Using Ollama for Running AI Models
Post

Using Ollama for Running AI Models

How Ollama Works

Ollama works in the following way:

  • You install Ollama on your local machine
  • You pull model weights for specific LLMs (like Llama 2, Mistral, or Gemma)
  • Ollama sets up a local API server
  • You interact with models through a CLI or API calls

The Ollama Server

The Ollama server is the core component that manages everything from model loading to inference.

When you install Ollama, it creates a background service that runs on your machine.
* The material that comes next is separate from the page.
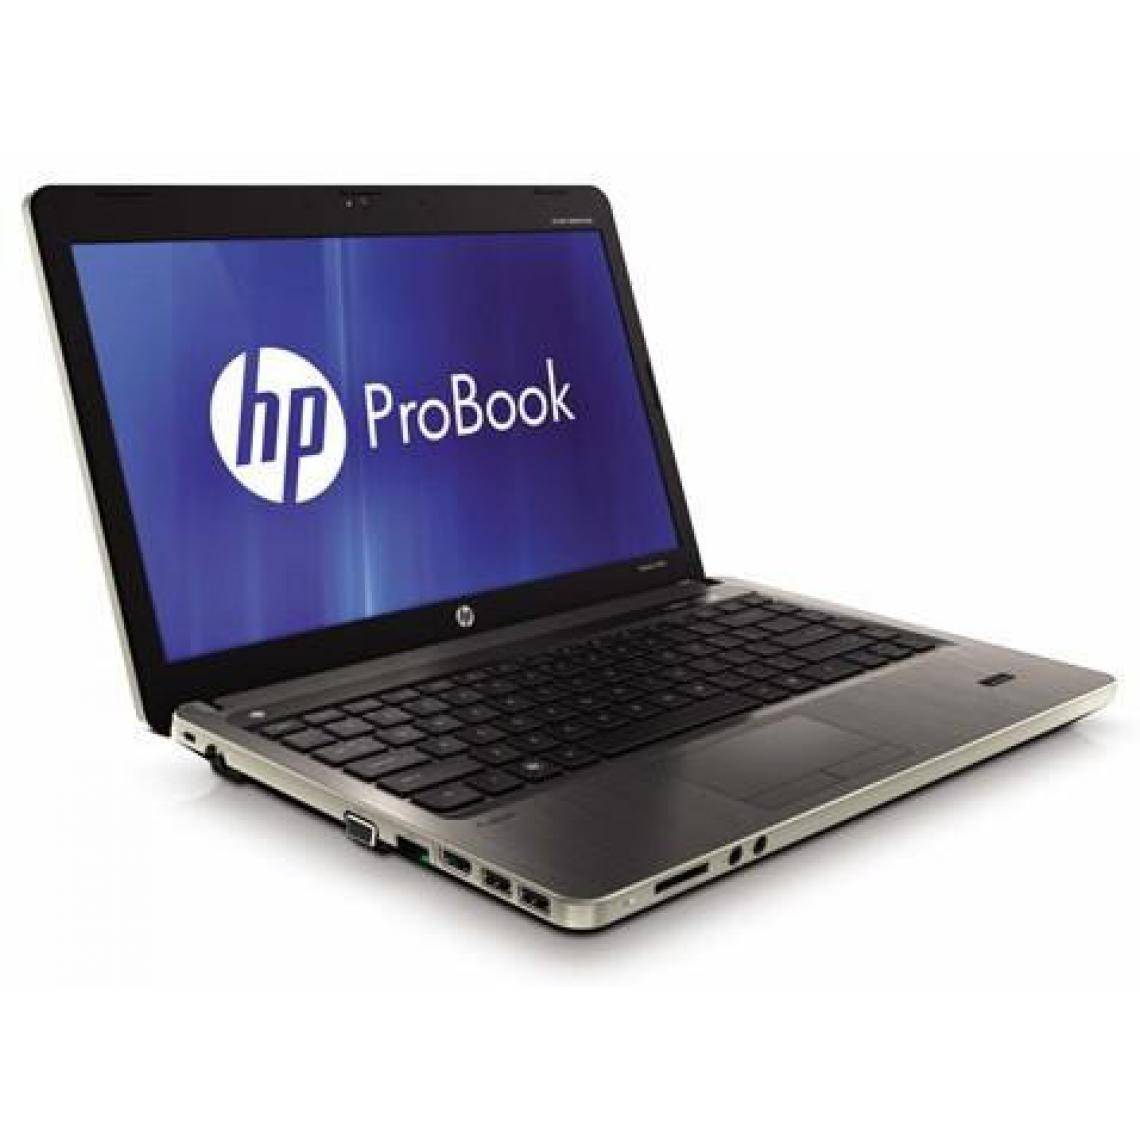 Hp - HP 6460B (6460B4240i5) - PC Portable

This service handles:

  • Model management (downloading, storing, and updating models)
  • Exposing an API interface (accessible at http://localhost:11434)
  • Handling inference requests
  • Managing model configurations

Models and Model Library

Ollama provides access to a growing library of open-source LLMs that can be run locally.

Some popular models available through Ollama include:

  • Llama 2 (7B, 13B)
  • Mistral (7B)
  • Gemma (2B, 7B)
  • Phi-2
  • Falcon

Each model has different capabilities, parameter sizes, and hardware requirements.

Model files and Customization

Ollama allows you to customize models through Modelfiles, similar to how Docker uses Dockerfiles.

A Modelfile lets you:

  • Create custom model configurations
  • Add specific system prompts
  • Fine-tune parameters
  • Create specialized model variants

Interacting with Models

There are two main ways to interact with models in Ollama:

Command Line Interface (CLI) - For quick interactions and model management REST API - For integration with applications and more complex use cases

Hardware Requirements

Running LLMs locally requires decent hardware. The minimum requirements depend on the model size:

  • Small models (1-3B parameters): At least 8GB RAM
  • Medium models (7B parameters): 16GB RAM recommended
  • Large models (13B+ parameters): 32GB+ RAM recommended

GPU acceleration significantly improves performance, but many models can run on CPU-only setups, slowly though.